══ Data block

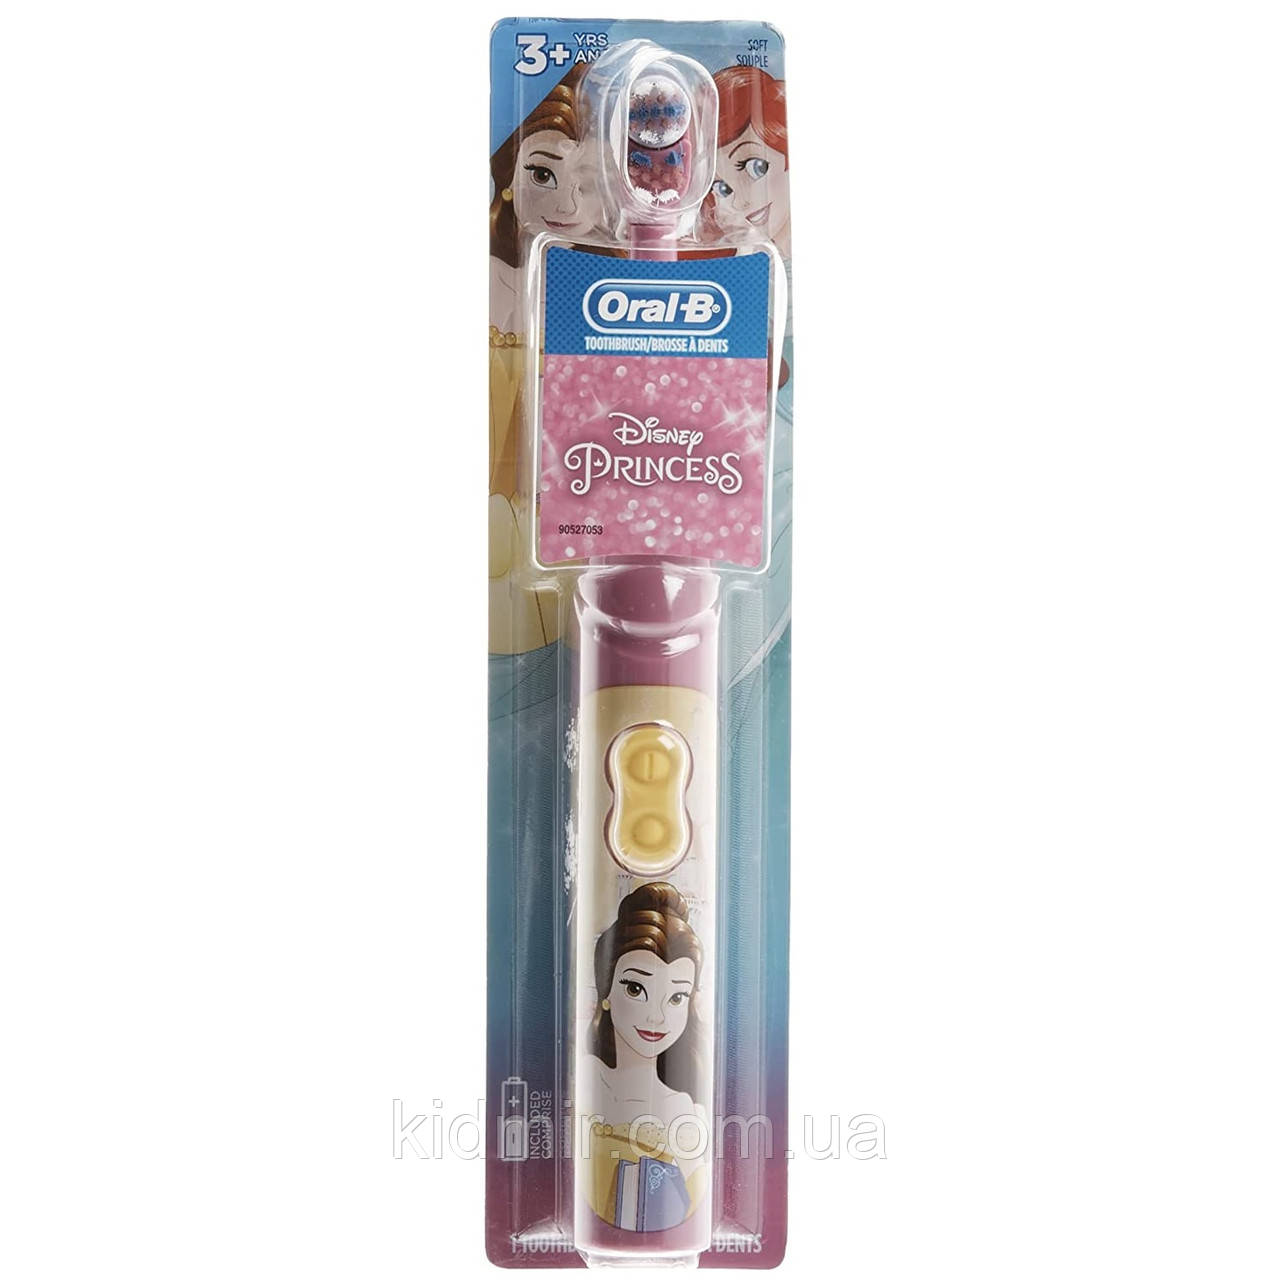 Oral-B Електрична зубна щітка Принцеси Дісней Белль
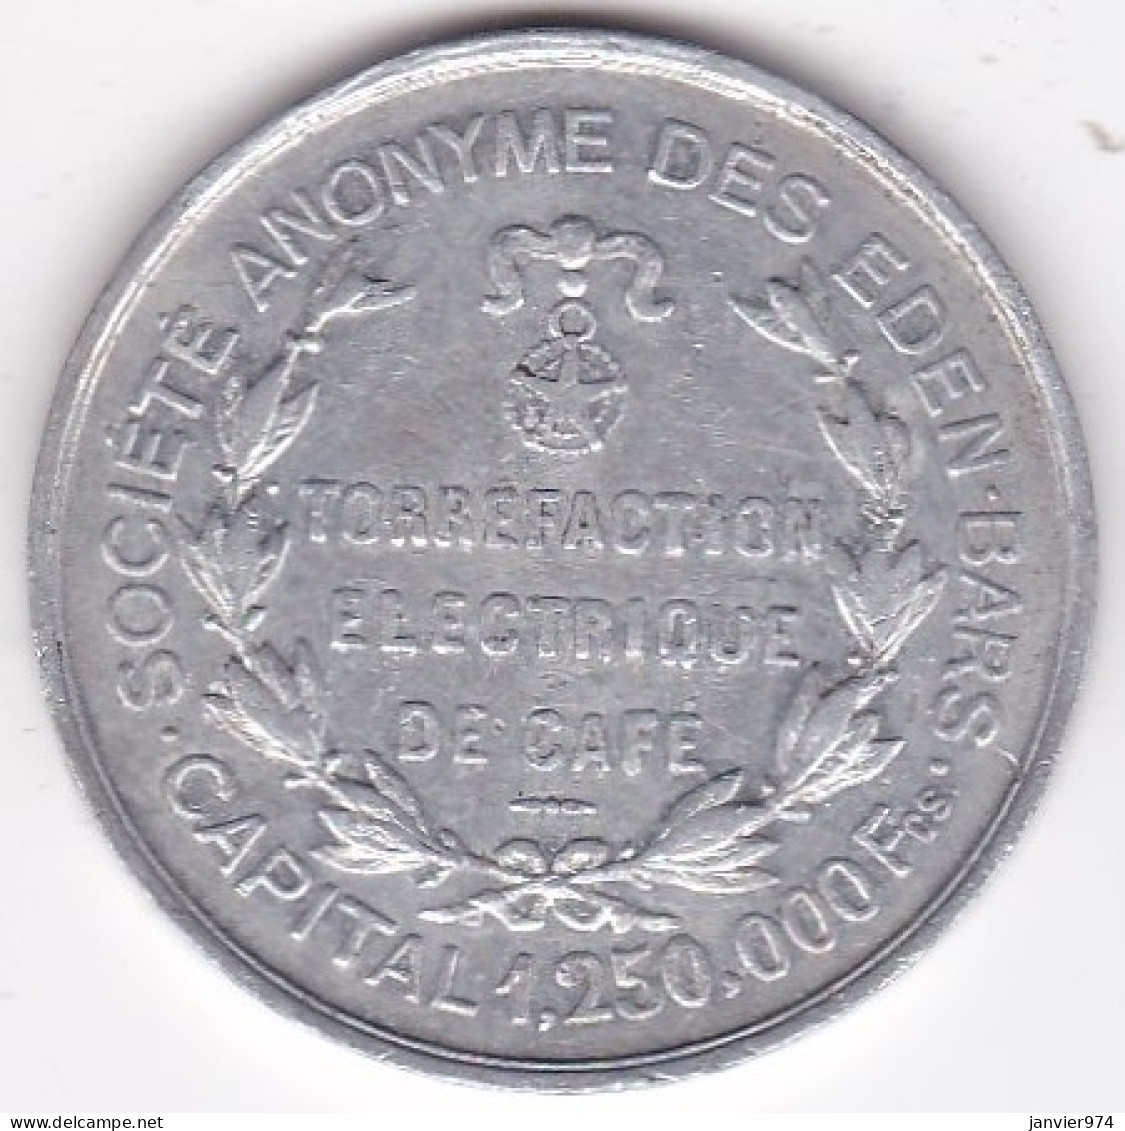 69 Rhône. Lyon , Société Anonyme Des Eden-Bars, Torréfaction Electrique De Café. 10 Centimes, En Aluminium - Monetary / Of Necessity
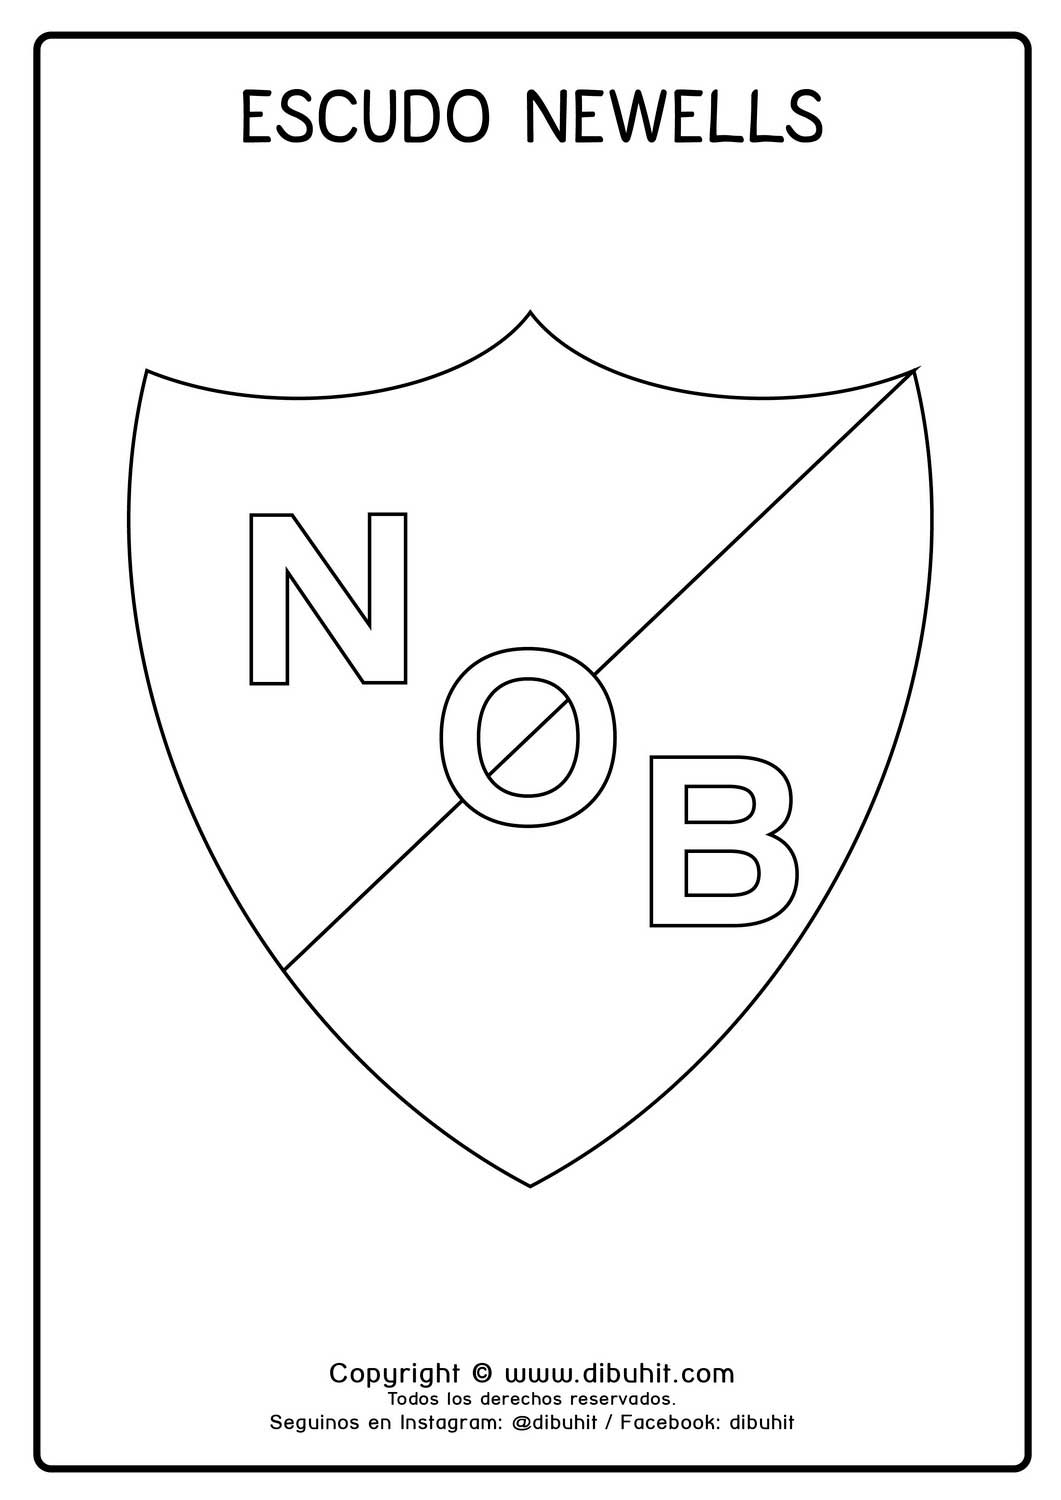 Escudo de futbol para colorear de newells old boys de rosario

════

▸ Your instructions:
Copy out nothing but text: transcribe the listing exactly and skip each picture.

▸ Answer for the task:
 Oral-B Електрична зубна щітка Принцеси Дісней Белль
 69 Rhône. Lyon , Société Anonyme Des Eden-Bars, Torréfaction Electrique De Café. 10 Centimes, En Aluminium - Monetary / Of Necessity
 Escudo de futbol para colorear de newells old boys de rosario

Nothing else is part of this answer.